At TeedUp Inc. ("TeedUp," "we," "us," or "our"), the security of our customers' data is of utmost importance. We are committed to protecting the integrity, confidentiality, and availability of all data we handle. This Security Policy outlines our approach to maintaining a secure environment and the measures we take to safeguard information. This policy applies to all employees, contractors, and third-party service providers who have access to our systems and data.
1. Security Governance
Responsibilities:
Chief Information Security Officer (CISO): Oversees the implementation and enforcement of security policies.
Security Team: Responsible for monitoring, auditing, and enhancing security measures.
All Employees: Must adhere to the security policies and report any security incidents.
2. Data Protection
Data Encryption:
In Transit: All data transmitted over networks is encrypted using TLS (Transport Layer Security).
At Rest: Sensitive data stored on our servers is encrypted using industry-standard encryption algorithms.
Access Control:
Authentication: Multi-factor authentication (MFA) is required for access to critical systems.
Authorization: Role-based access control (RBAC) ensures that users have the minimum level of access necessary to perform their duties.
Auditing: Access logs are maintained and regularly reviewed to detect and respond to unauthorized access.
3. Network Security
Firewalls and Intrusion Detection:
Firewalls are deployed to protect our network from unauthorized access.
Intrusion detection and prevention systems (IDPS) monitor network traffic for suspicious activity.
Secure Configuration:
All systems are configured according to industry best practices and regularly updated to mitigate vulnerabilities.
Network segmentation is implemented to limit the spread of potential breaches.
4. Incident Response
Incident Management:
An incident response plan is in place to handle security incidents promptly and effectively.
Incidents are classified, investigated, and resolved according to their severity.

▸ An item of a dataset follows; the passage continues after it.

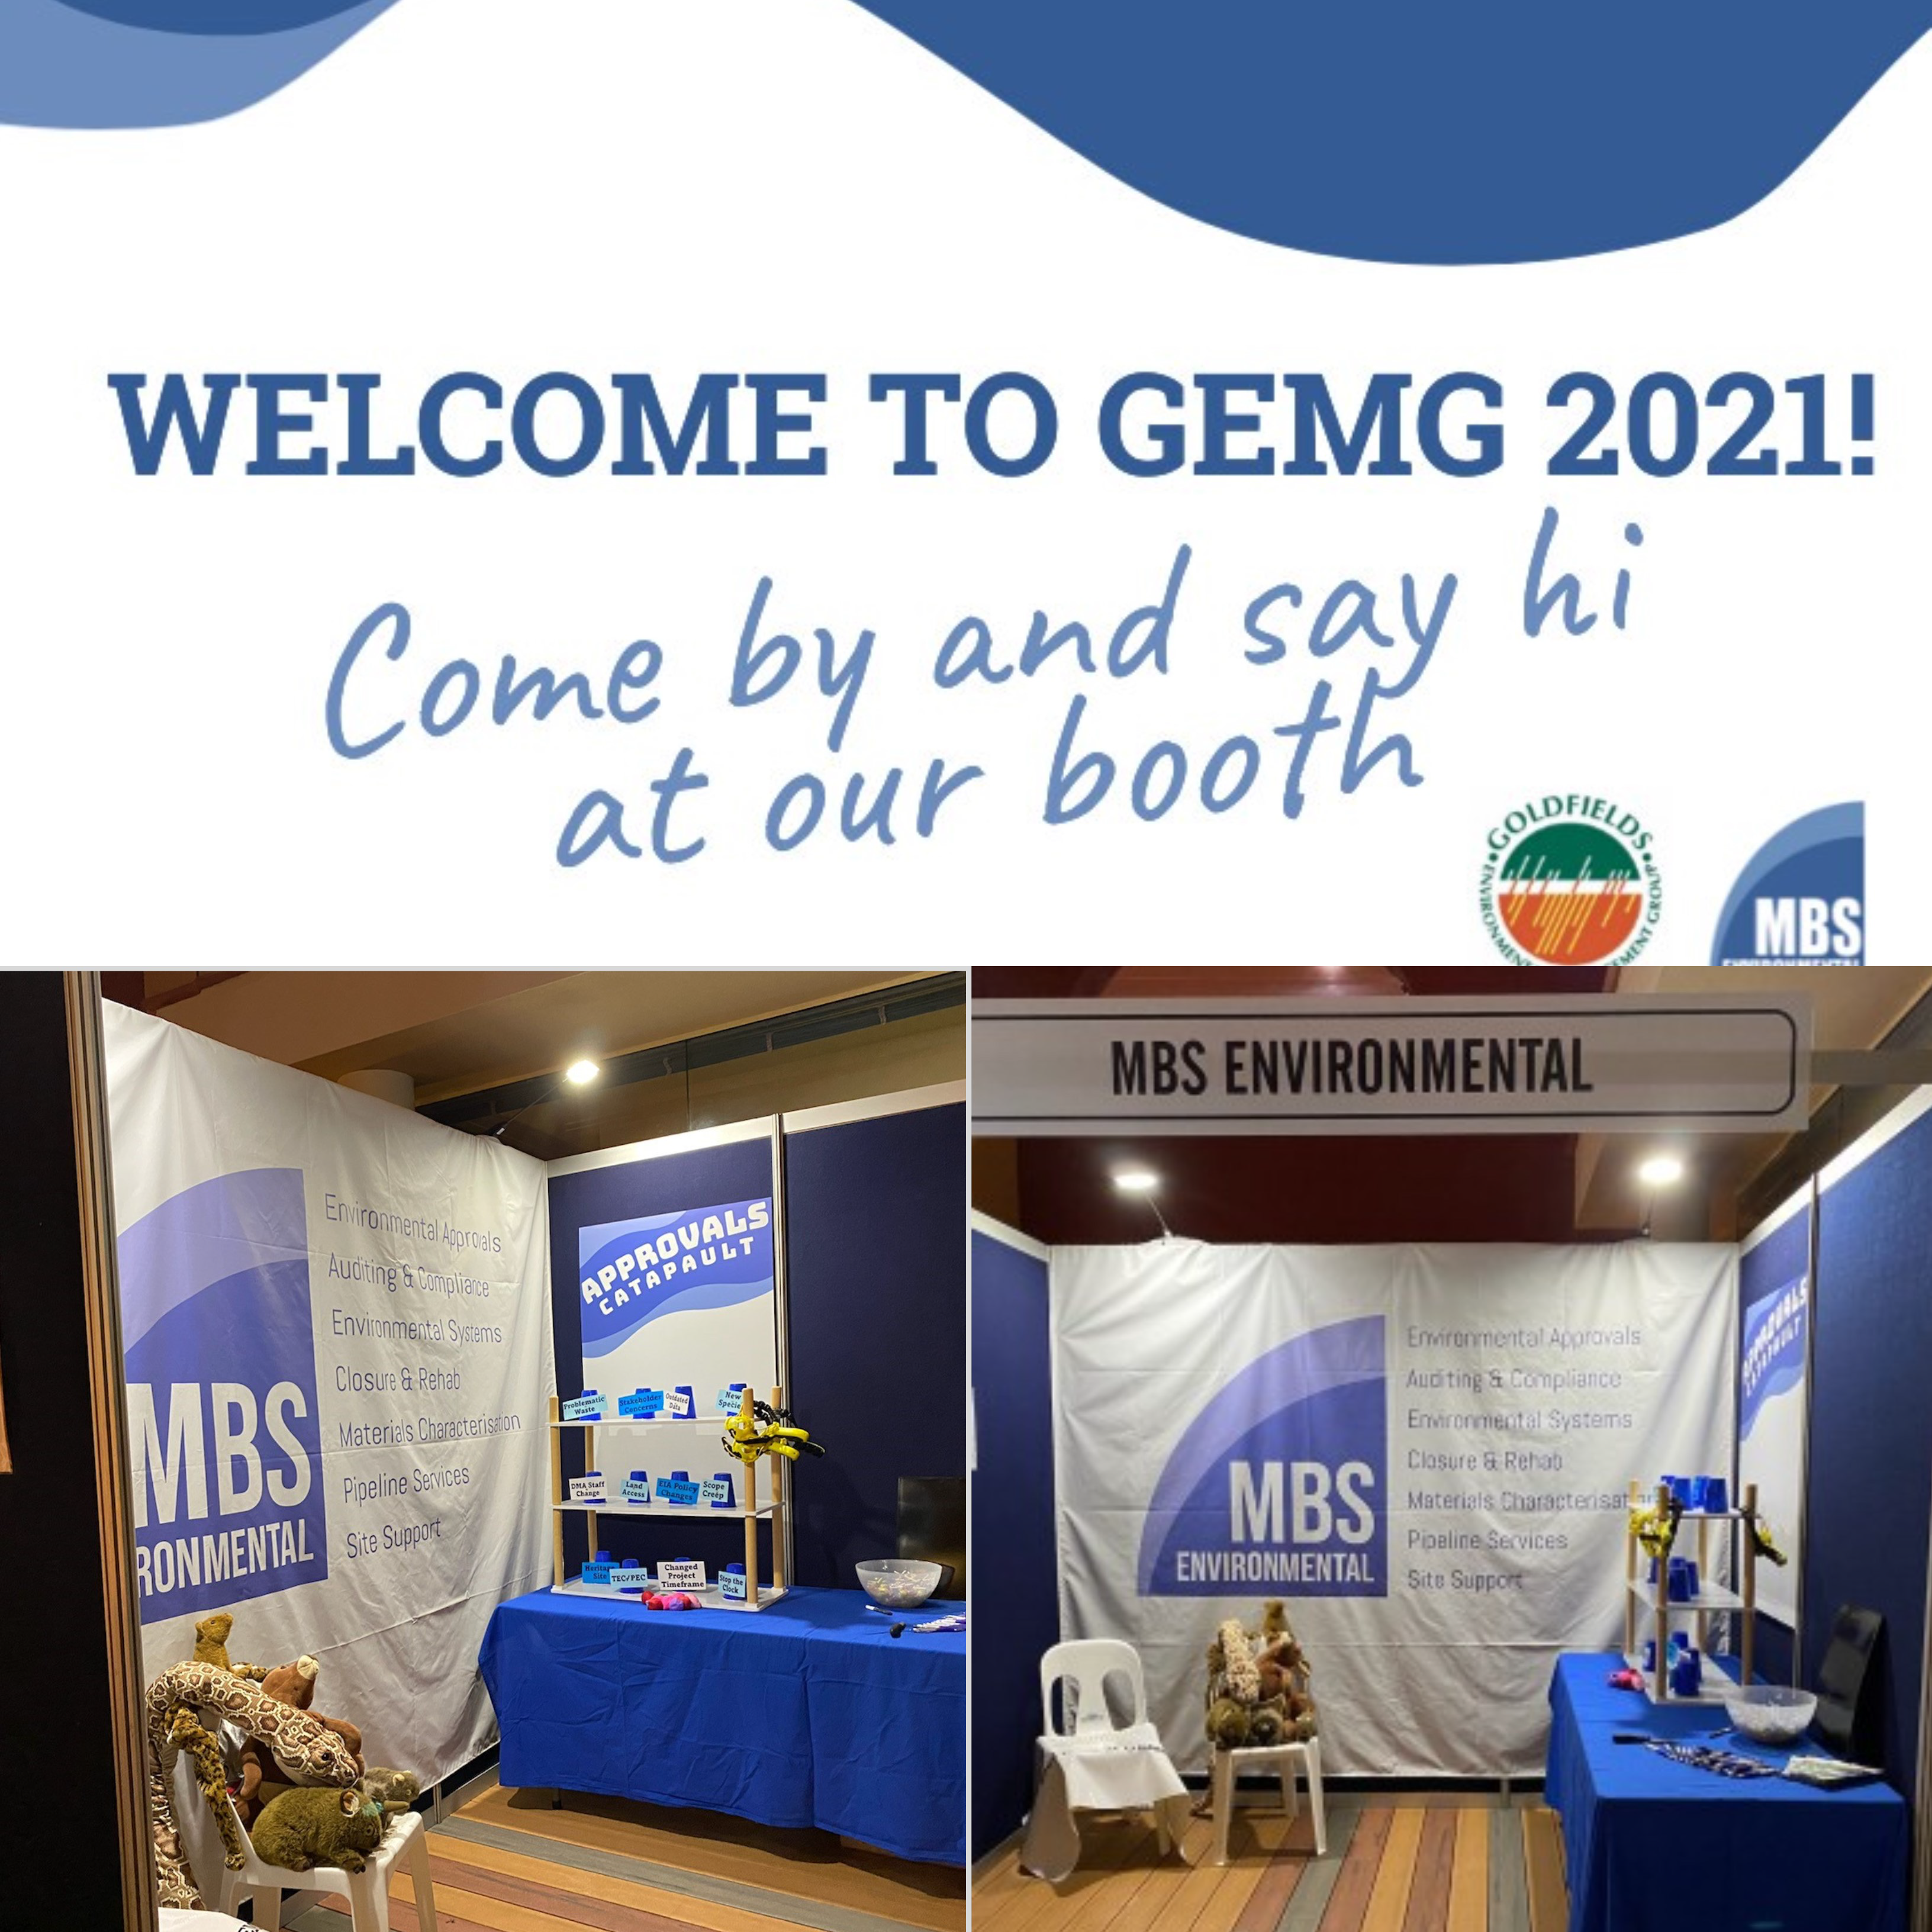 Welcome to GEMG 2021!
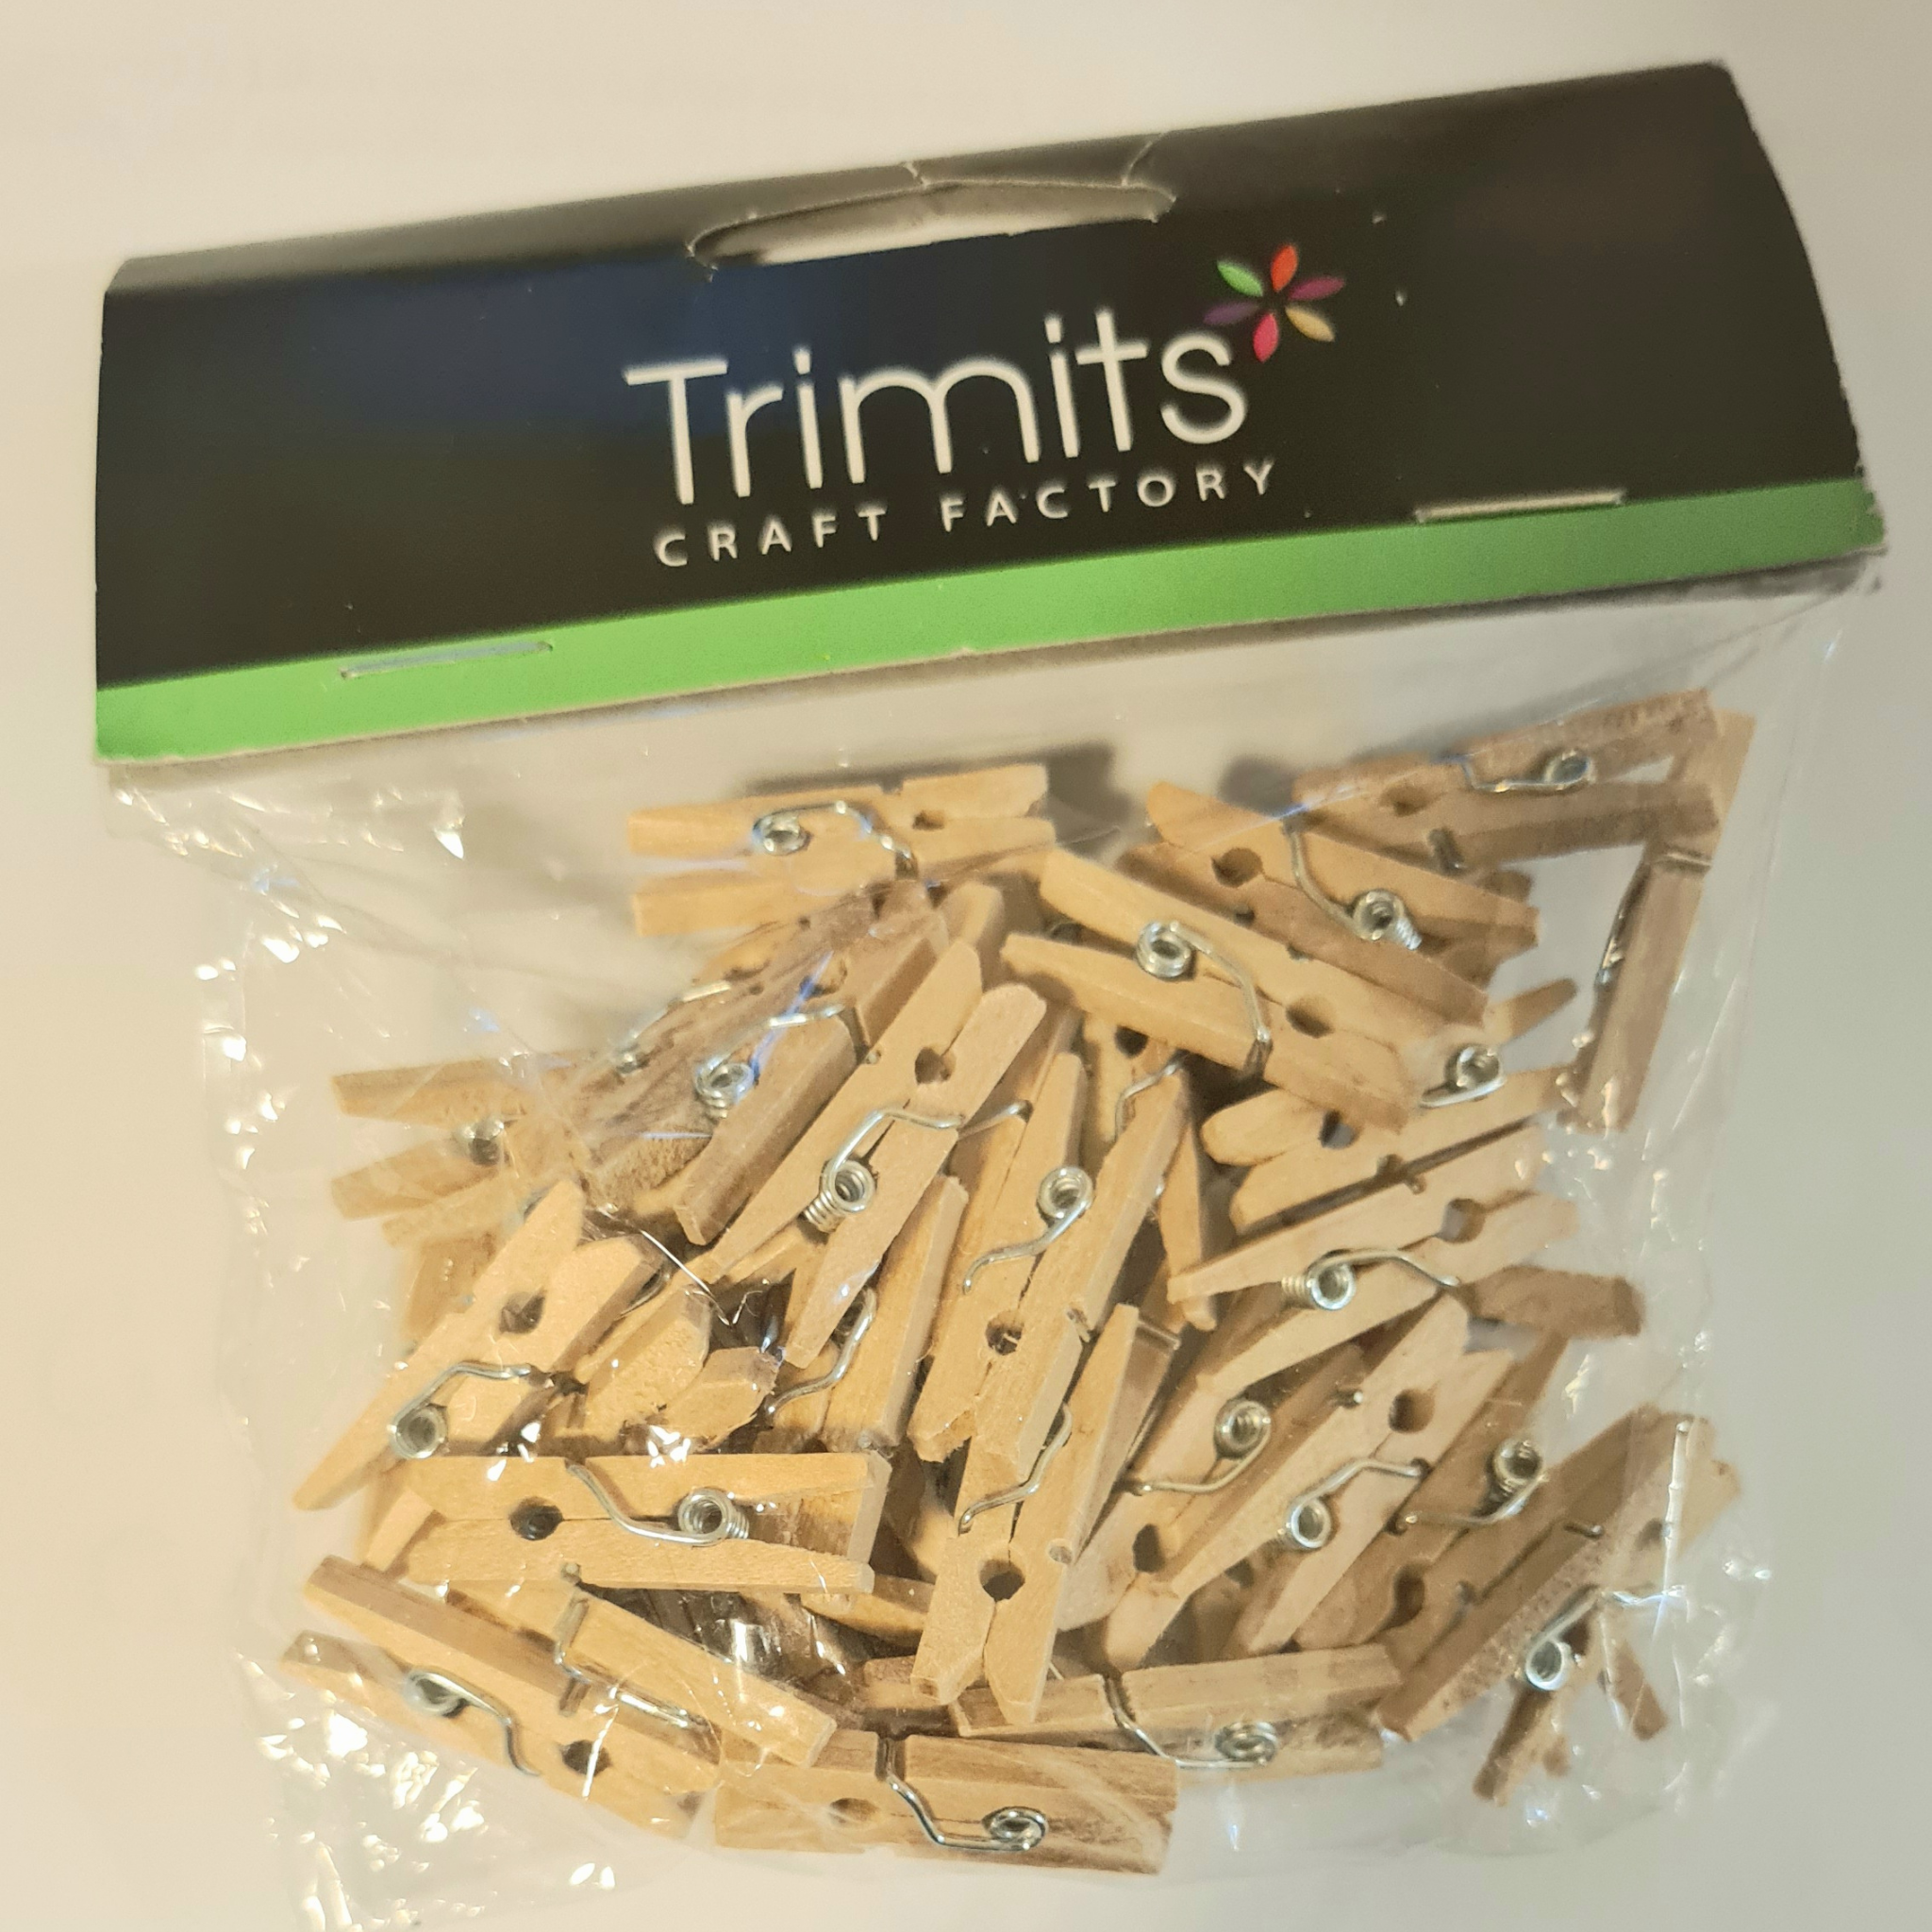 Wooden craft mini clothes pegs, 45 per pack, 25mm long - ideal for making table plans and place settings and decorating gifts

Post-incident reviews are conducted to improve our security posture.
Notification:
Affected parties are promptly notified of any data breaches that may compromise their personal information, in compliance with legal requirements.
5. Employee Training
Security Awareness:
All employees undergo regular security awareness training to recognize and prevent security threats.
Phishing simulations and other exercises are conducted to test and reinforce security awareness.
Policy Compliance:
Employees are required to read, understand, and acknowledge our security policies.
Regular assessments are conducted to ensure compliance with security policies.
6. Physical Security
Access Control:
Physical access to our data centers and offices is restricted to authorized personnel only.
Security measures include key card access, surveillance cameras, and security personnel.
Environmental Controls:
Data centers are equipped with environmental controls such as fire suppression systems and temperature monitoring to protect hardware.
7. Vendor Management
Third-Party Security:
Third-party service providers are assessed for their security practices before engagement.
Contracts with third parties include security requirements to ensure compliance with our security standards.
Ongoing Monitoring:
Regular audits and assessments of third-party service providers are conducted to ensure continued compliance.
8. Compliance
Regulatory Compliance:
Our security practices comply with relevant regulations and standards, including GDPR, CCPA, SOC 2, and ISO 27001.
Regular audits are conducted to verify compliance with these standards.
Documentation:
Comprehensive documentation of our security policies, procedures, and controls is maintained and regularly updated.
9. Continuous Improvement
Risk Management:
Regular risk assessments are conducted to identify and mitigate potential security threats.
Security measures are continuously evaluated and improved based on emerging threats and best practices.
Security Testing:
Regular penetration testing and vulnerability assessments are conducted to identify and address security weaknesses.
If you have any questions about this Security Policy, please contact us at legal@teedup.ai.
By using our Services, you agree to the terms of this Security Policy.